Dependency of BS: Since BS cannot work independently, the components are tightly coupled, making it less modular for other backbones.
Inconsistent Medical Performance: Results on TN3K or Kvasir did not always surpass SOTA, suggesting disentanglement is less effective for blurry boundaries or specific medical textures.
Dataset Leakage Convention: Following the ZSAD convention of using one dataset's test set to tune another limits the "purity" of the zero-shot claim.
Appendix Requirements: Implementation of the four critical anomaly clues is reserved for the appendix, requiring external reference for full reproduction.

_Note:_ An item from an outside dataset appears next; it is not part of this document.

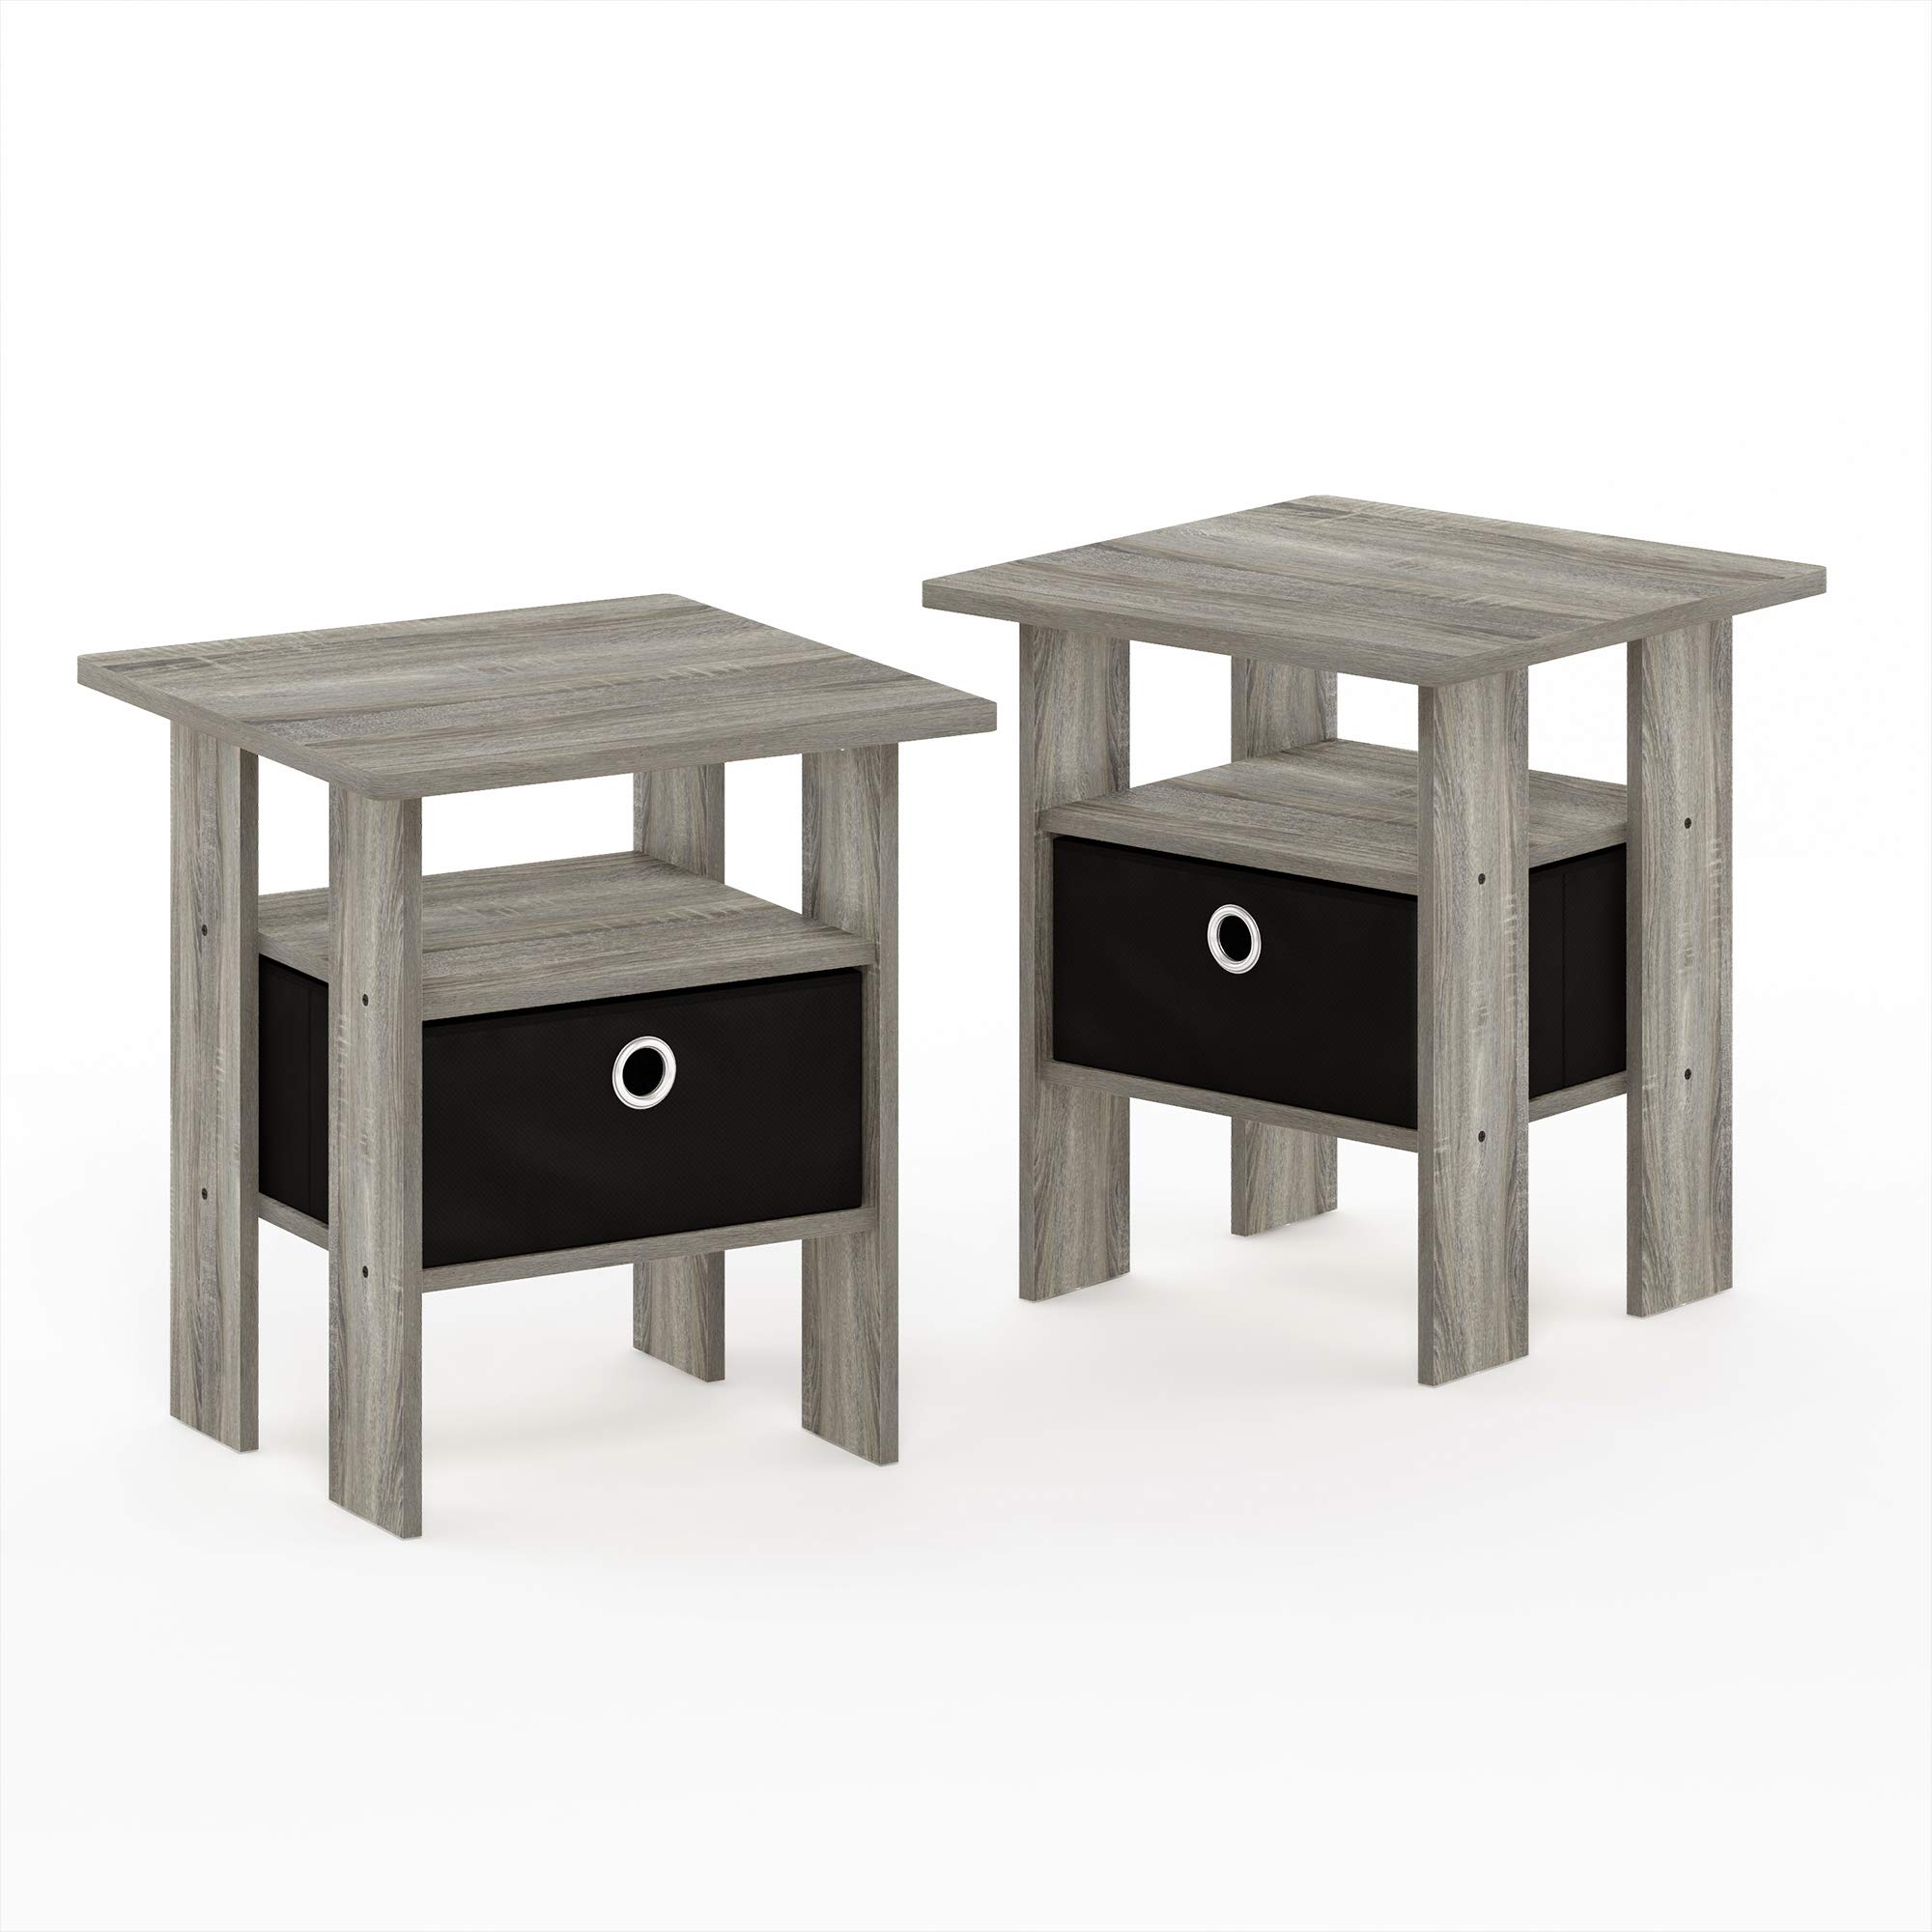 2-Count Furinno Andrey Night Stand Bedside Table w/ Bin Drawer (French Oak Grey) $26.10 + Free Shipping w/ Prime or on $35+

vs AnomalyCLIP: Both use object-agnostic prompts, but AnomalyCLIP lacks vision-side disentanglement and relies on single EOT tokens; FB-CLIP outperforms it significantly (VisA AUPRO 87.0% \(\rightarrow\) 91.4%).
vs AF-CLIP (MM'25): AF-CLIP uses neighborhood aggregation for homogeneous tokens, whereas FB-CLIP's SPA uses masks to distinguish foreground/background patches, yielding 6%+ gains on Real-IAD.
vs WinCLIP / CLIP-AD: These rely on sliding windows or local patch-text similarity; FB-CLIP goes further by explicitly modeling token structural differences and background subtraction.

Rating¶

Novelty: ⭐⭐⭐⭐ Clear perspective on disentanglement; well-decomposed modules.
Experimental Thoroughness: ⭐⭐⭐⭐⭐ 16 datasets across industries and medical fields with full ablations.
Writing Quality: ⭐⭐⭐⭐ Complete formulas, though critical clue details are in the appendix.
Value: ⭐⭐⭐⭐ SOTA localization; open-source and practical for industrial/medical inspection.